# DATA SHOWN
+ + + + +

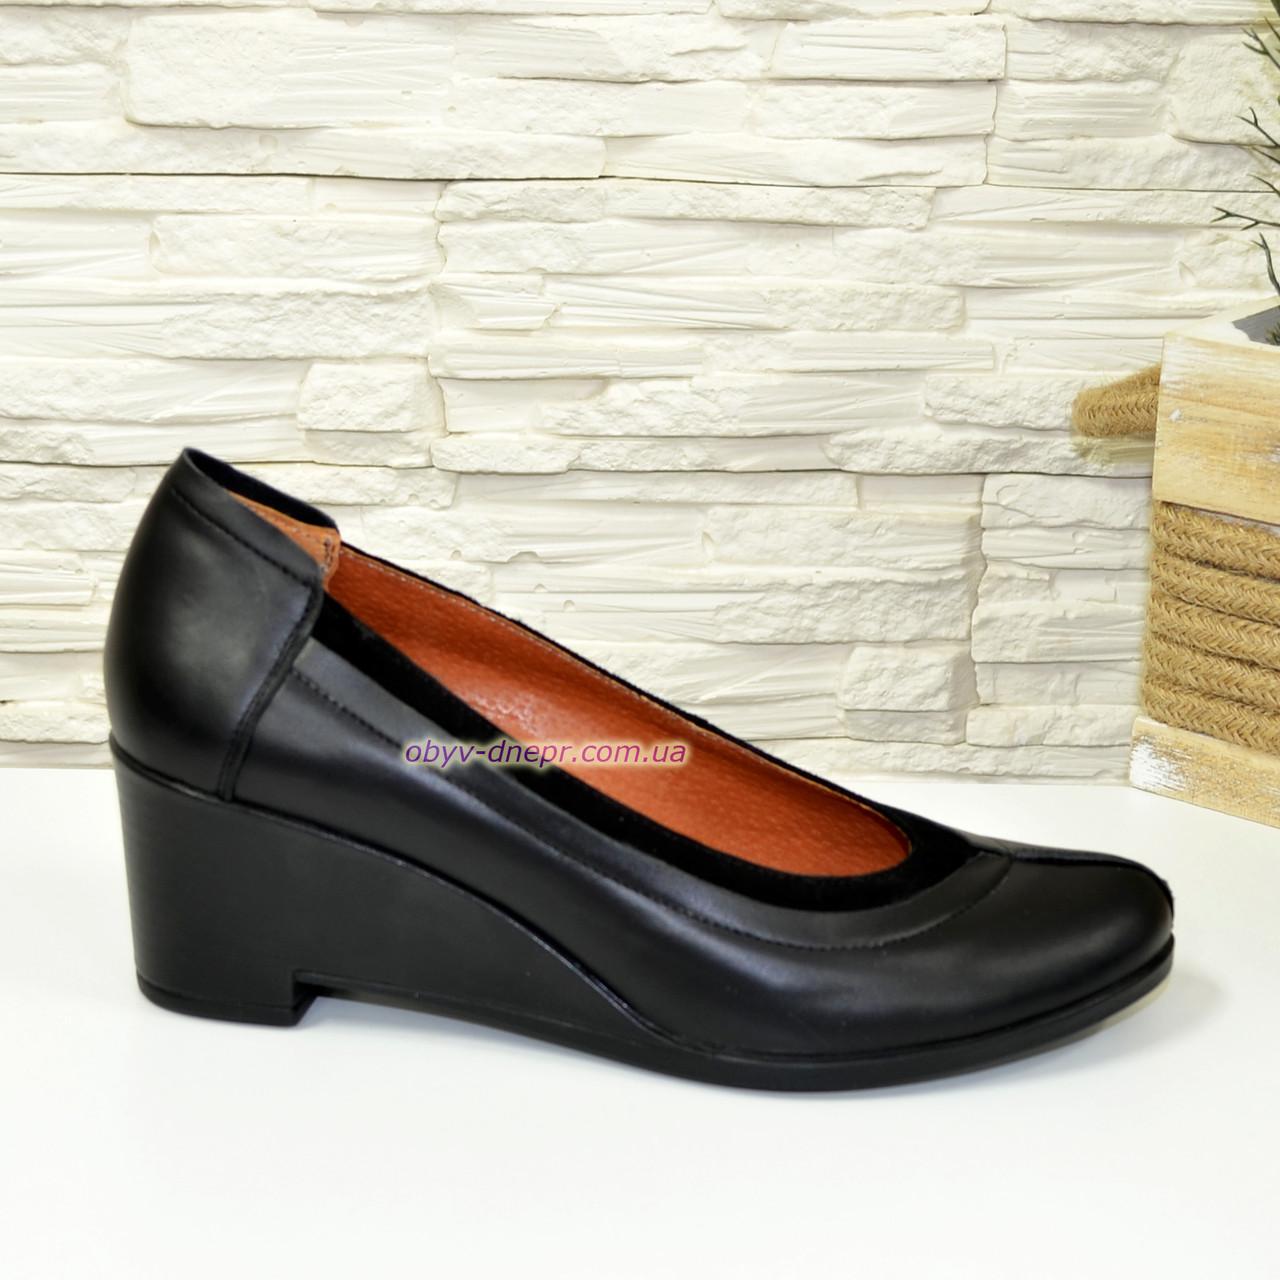 Женские кожаные туфли на удобной танкетке
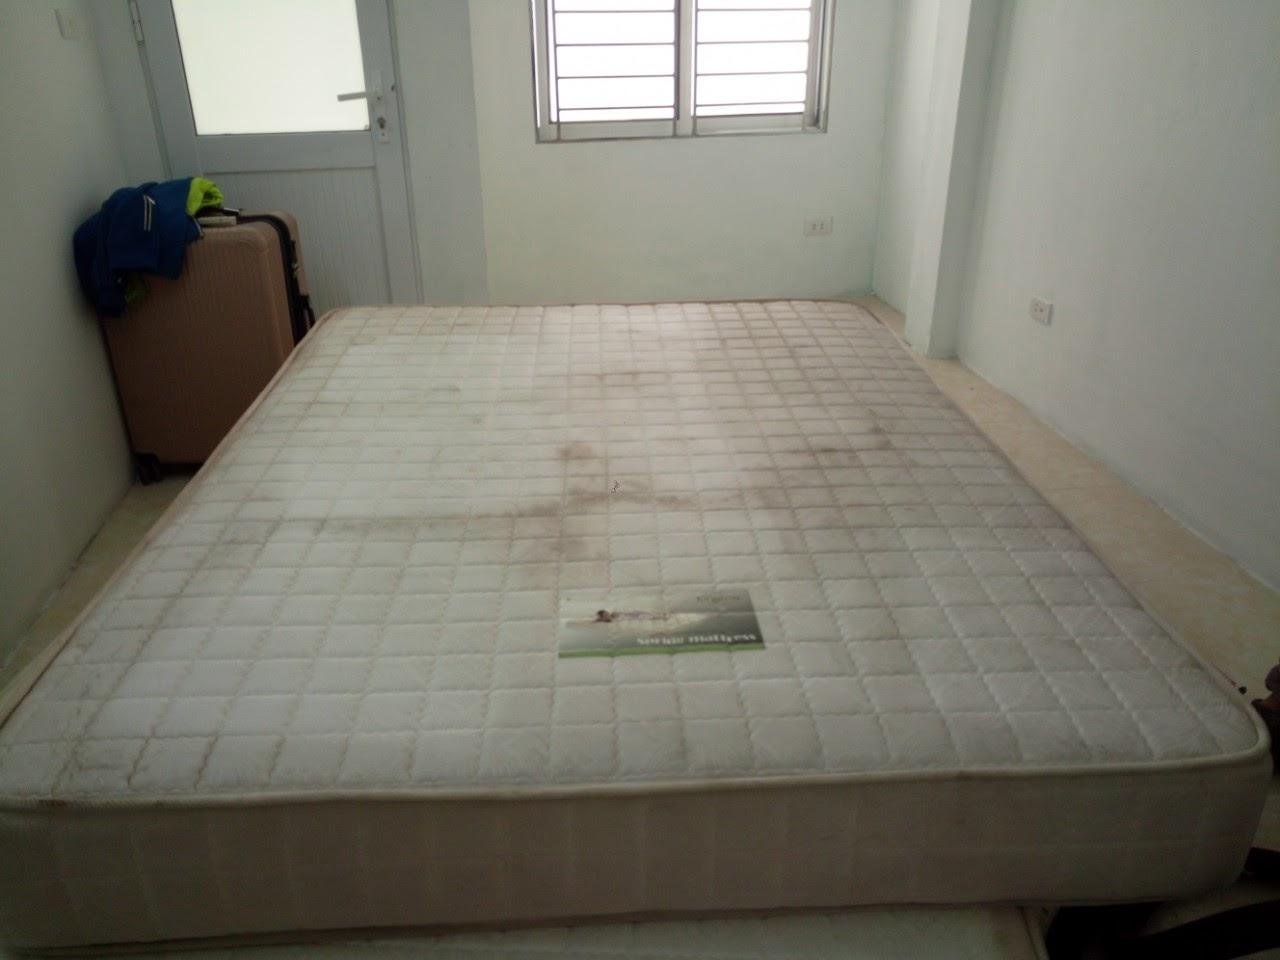 Dịch vụ giặt nệm ghế sofa thảm rèm cửa ở đâu tại Quận 7 tốt nhất
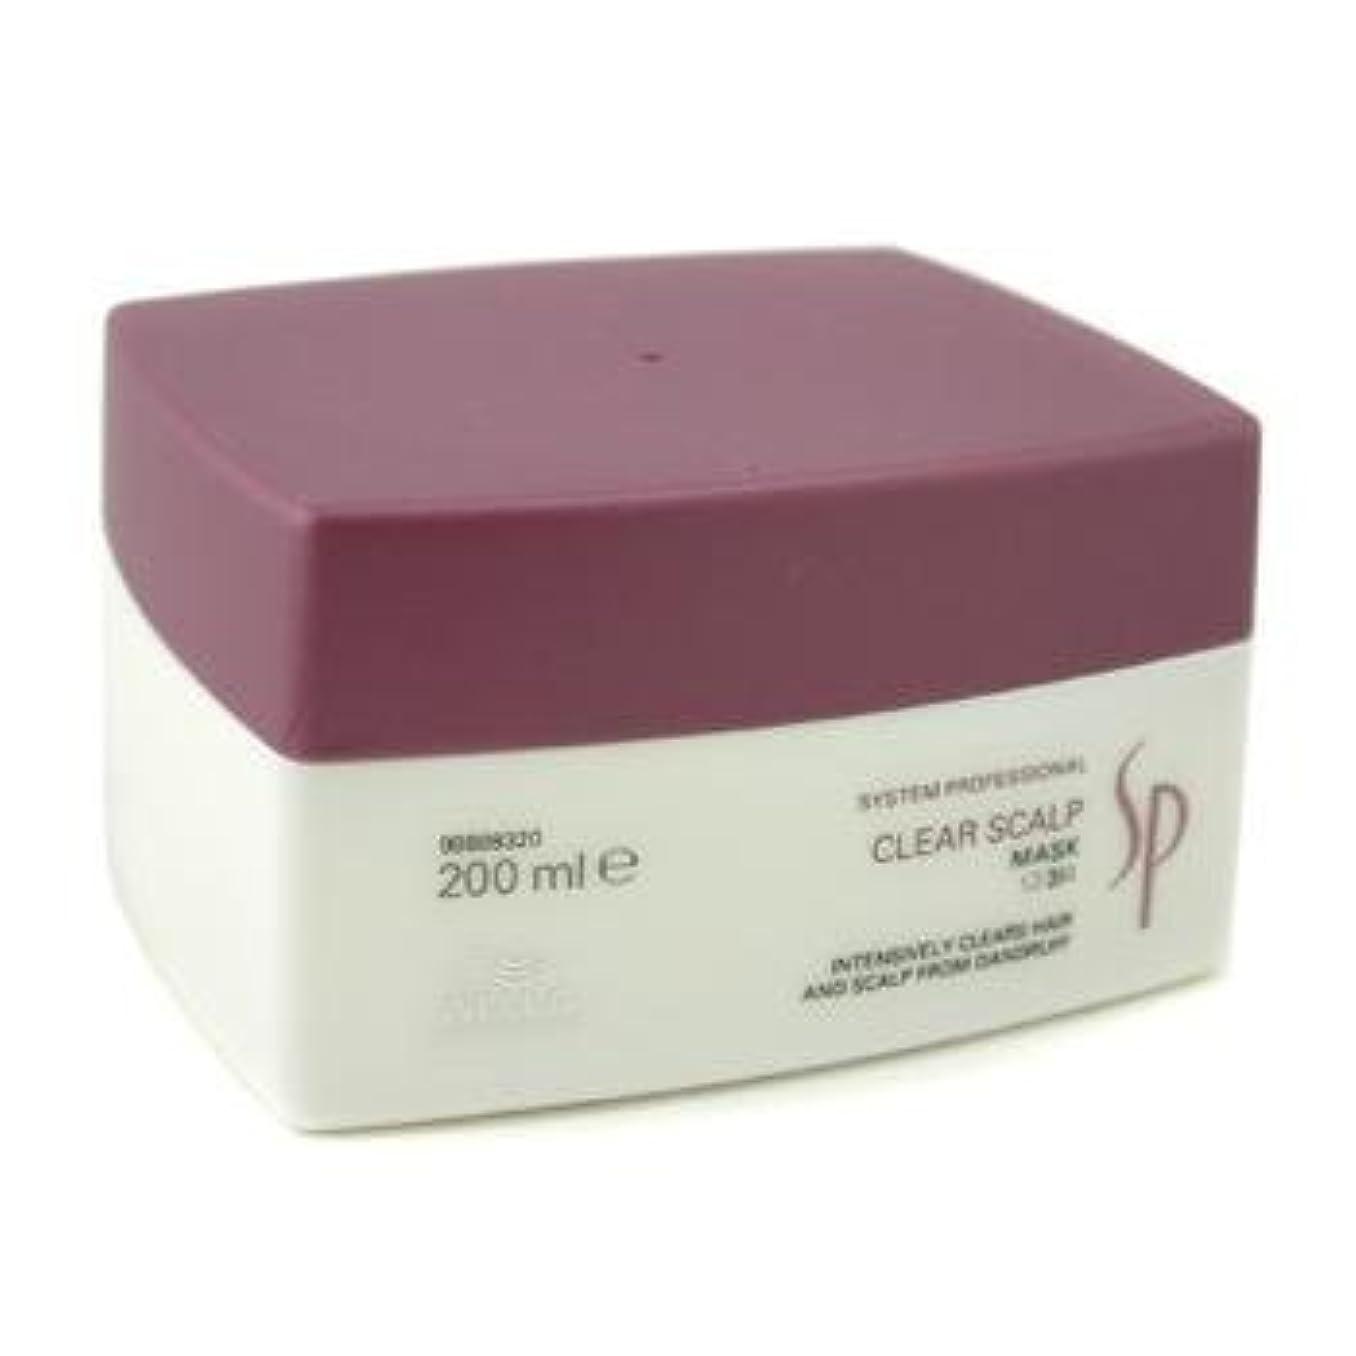 義務のホストシーボードWella SP Clear Scalp Mask - 200ml/6.67oz by Wella [並行輸入品]

+ + + + +

# PROBLEM
Lines from the one that holds "Dịch vụ giặt" through the final line of the material are to be duplicated exactly; no pictures belong in the copy.

# YOUR RESPONSE
 Dịch vụ giặt nệm ghế sofa thảm rèm cửa ở đâu tại Quận 7 tốt nhất
 義務のホストシーボードWella SP Clear Scalp Mask - 200ml/6.67oz by Wella [並行輸入品]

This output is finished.